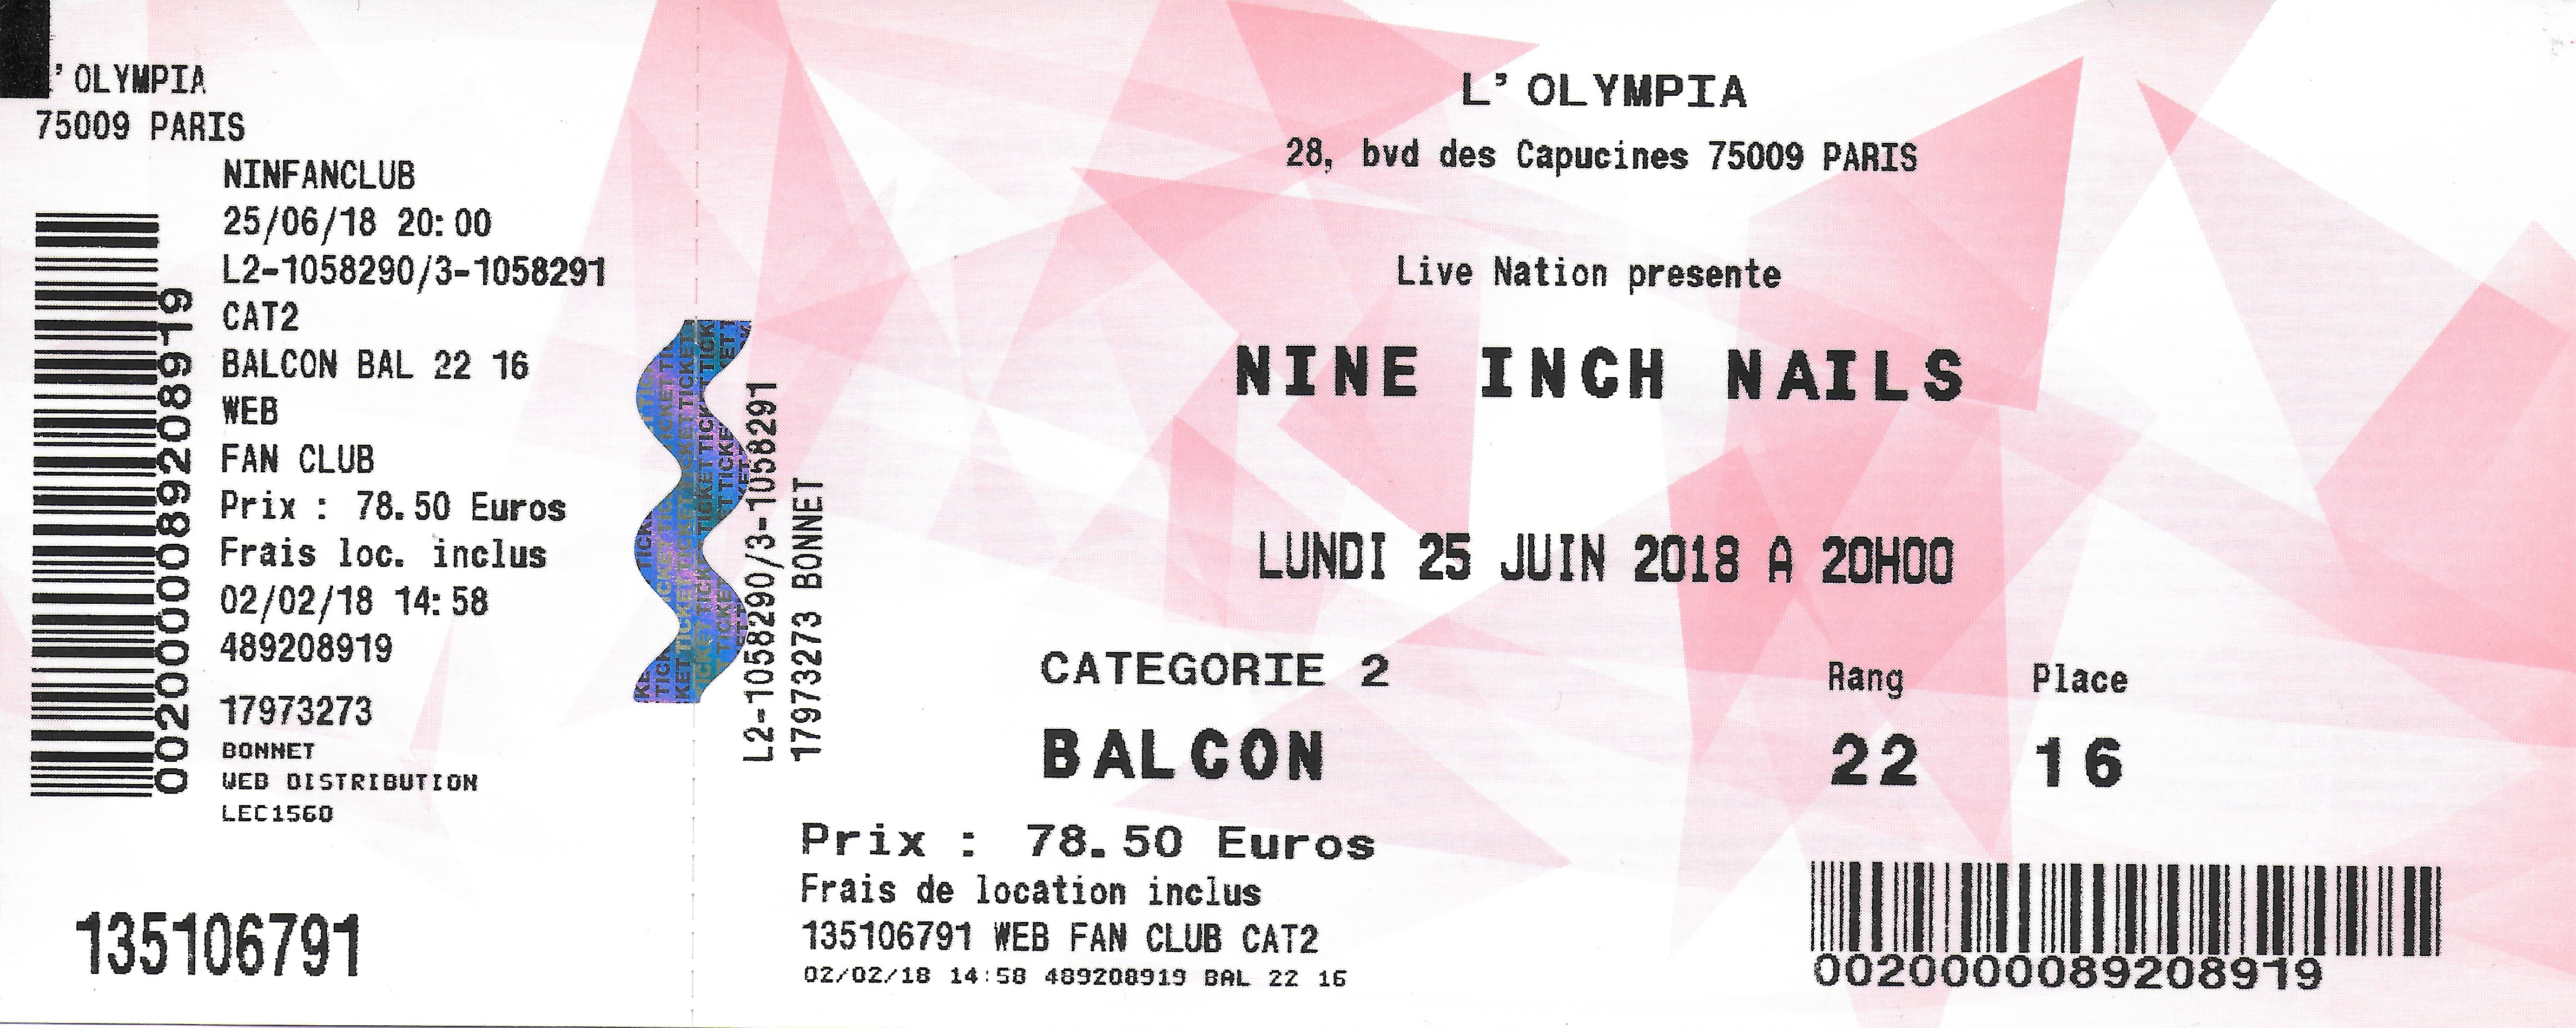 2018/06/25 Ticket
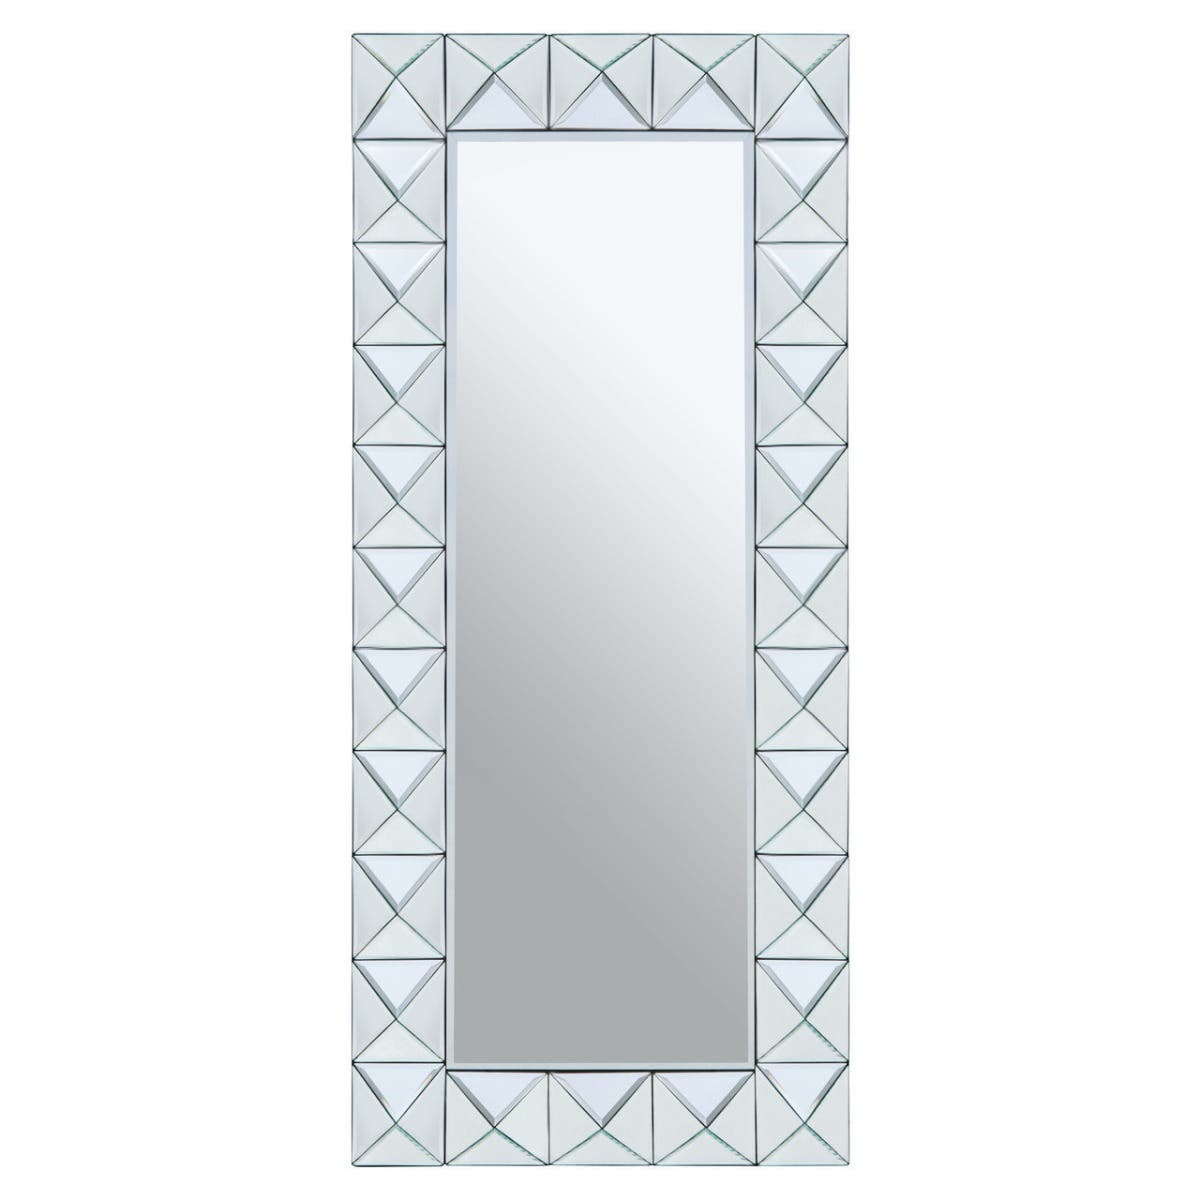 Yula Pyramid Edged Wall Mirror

-=-=-

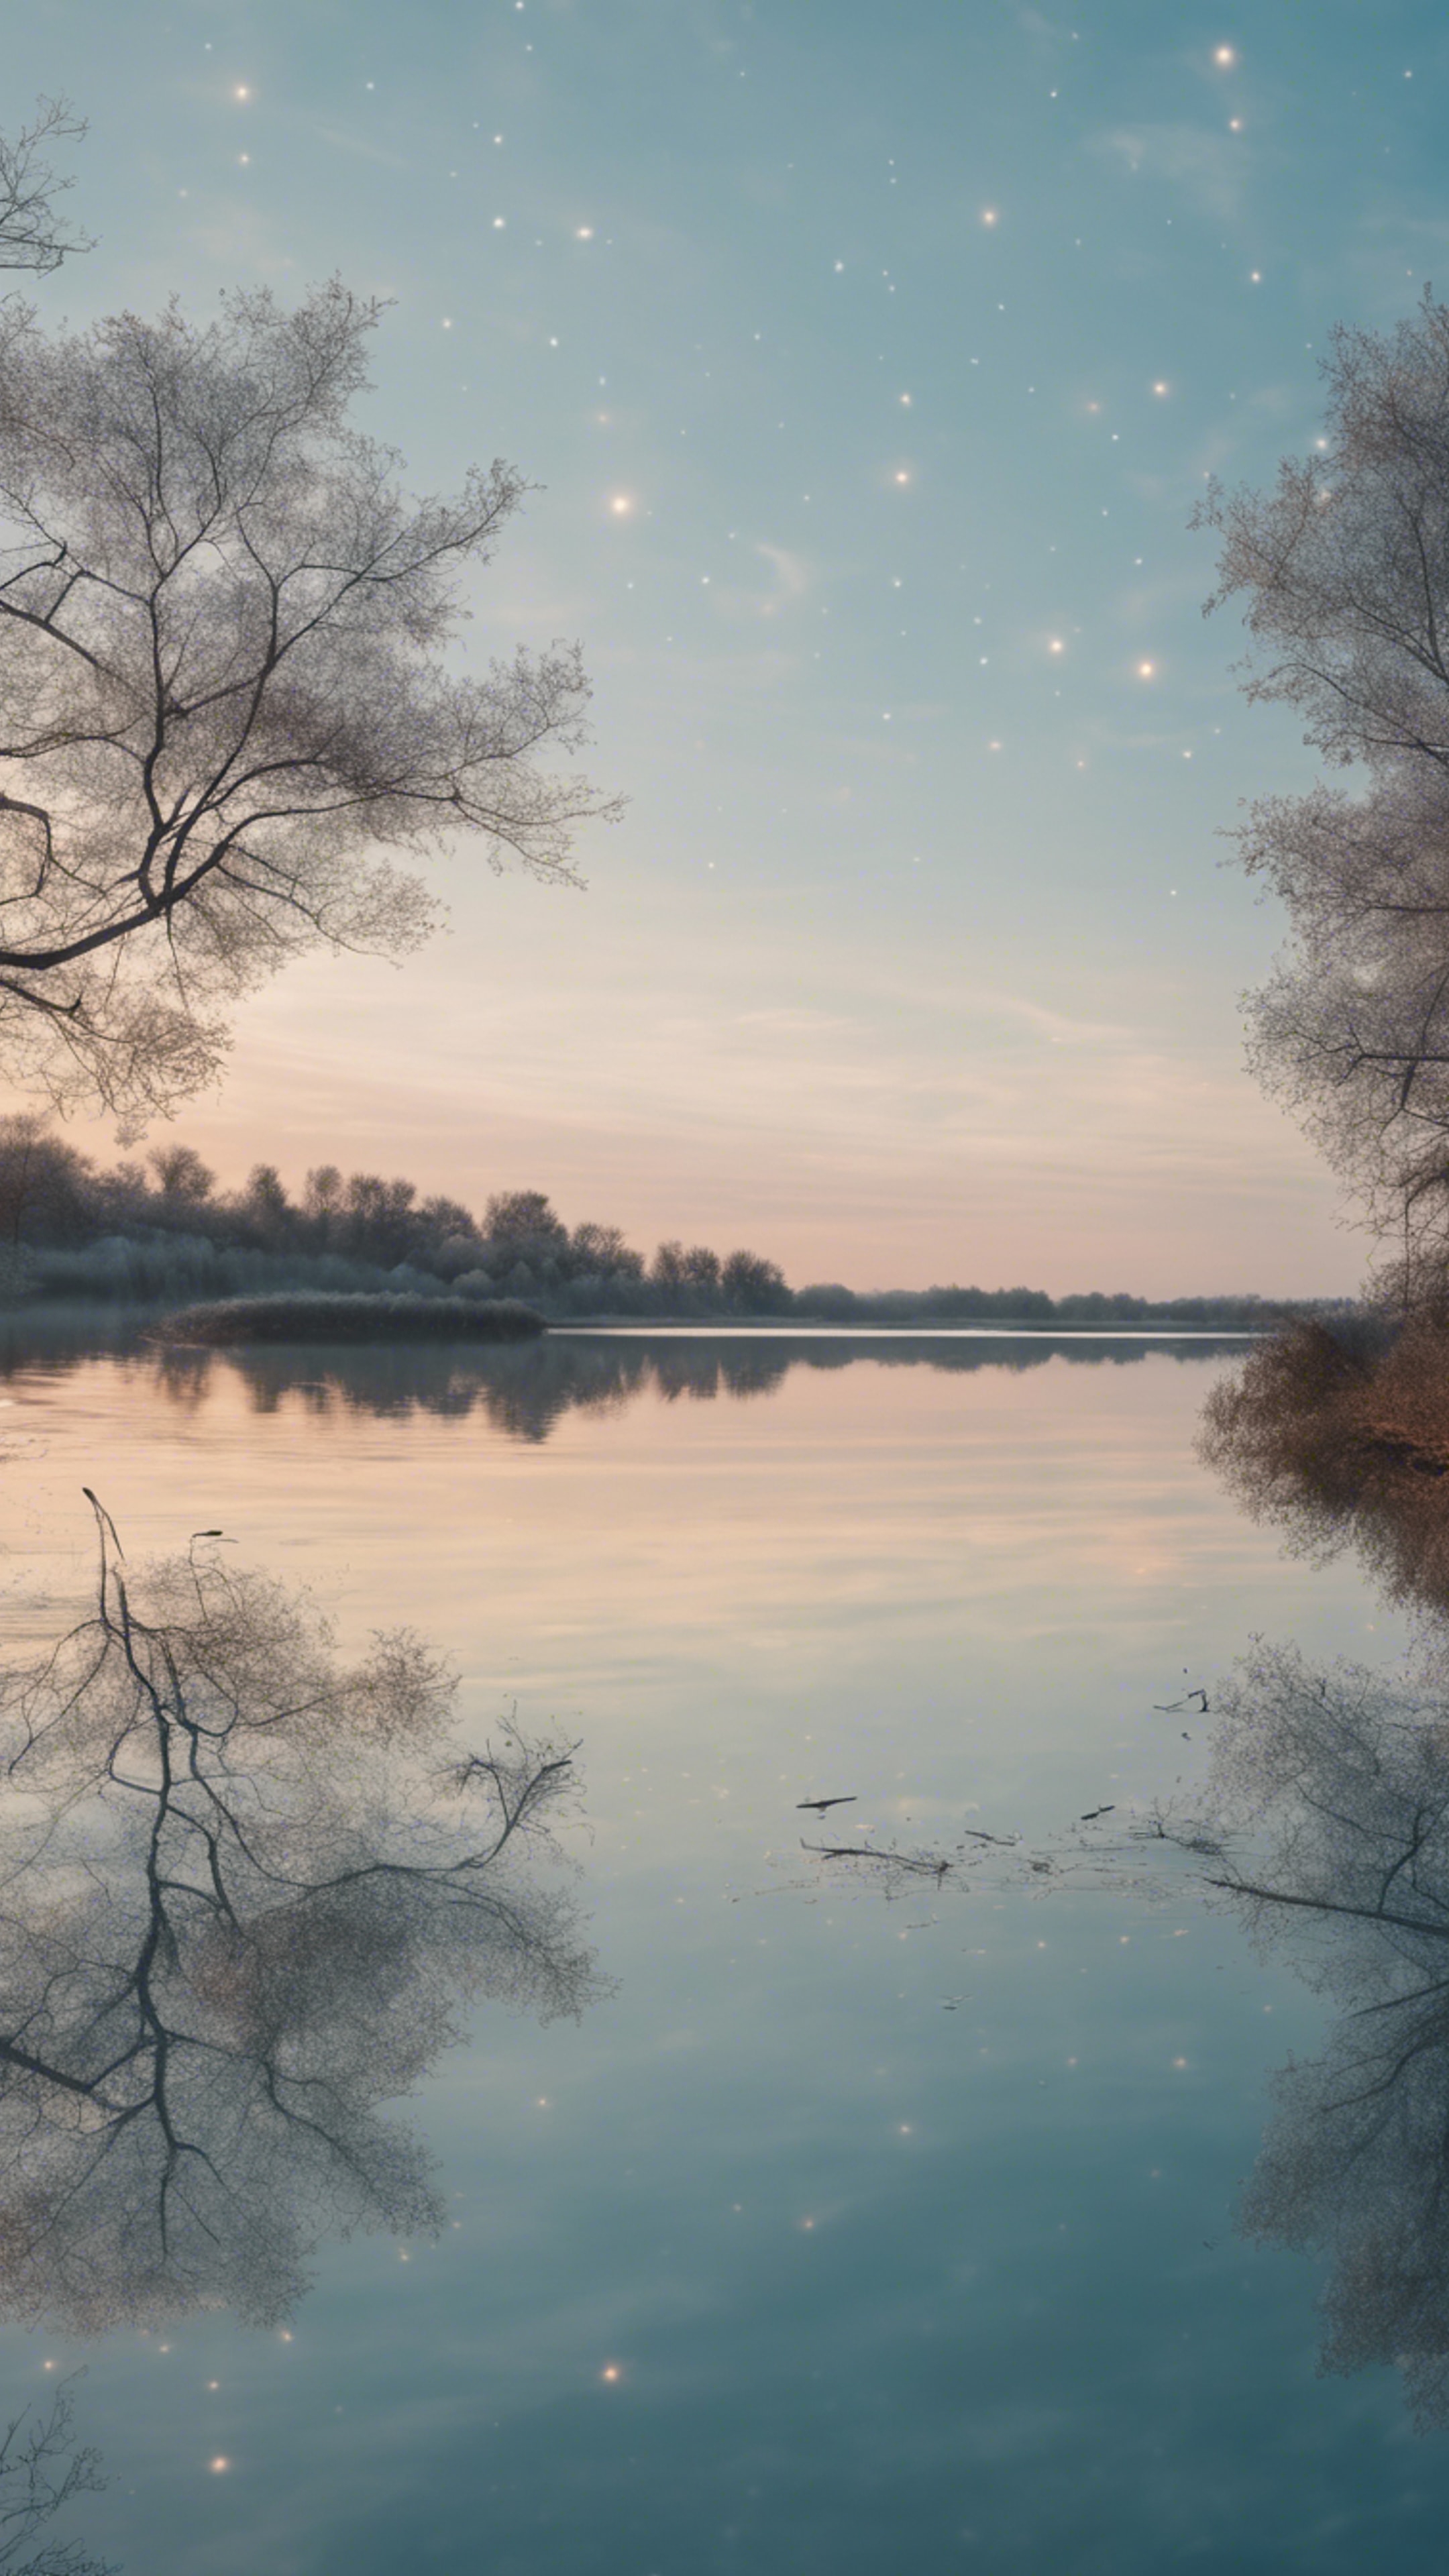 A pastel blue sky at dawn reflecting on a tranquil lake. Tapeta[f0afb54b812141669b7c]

-=-=-

**Directions:**
Print, exactly, each line above from the one with "2018/06/25 Ticket" to the one with "Yula Pyramid Edged Wall Mirror", end lines included. Leave pictures out of it.

**Exercise answer:**
 2018/06/25 Ticket
 Yula Pyramid Edged Wall Mirror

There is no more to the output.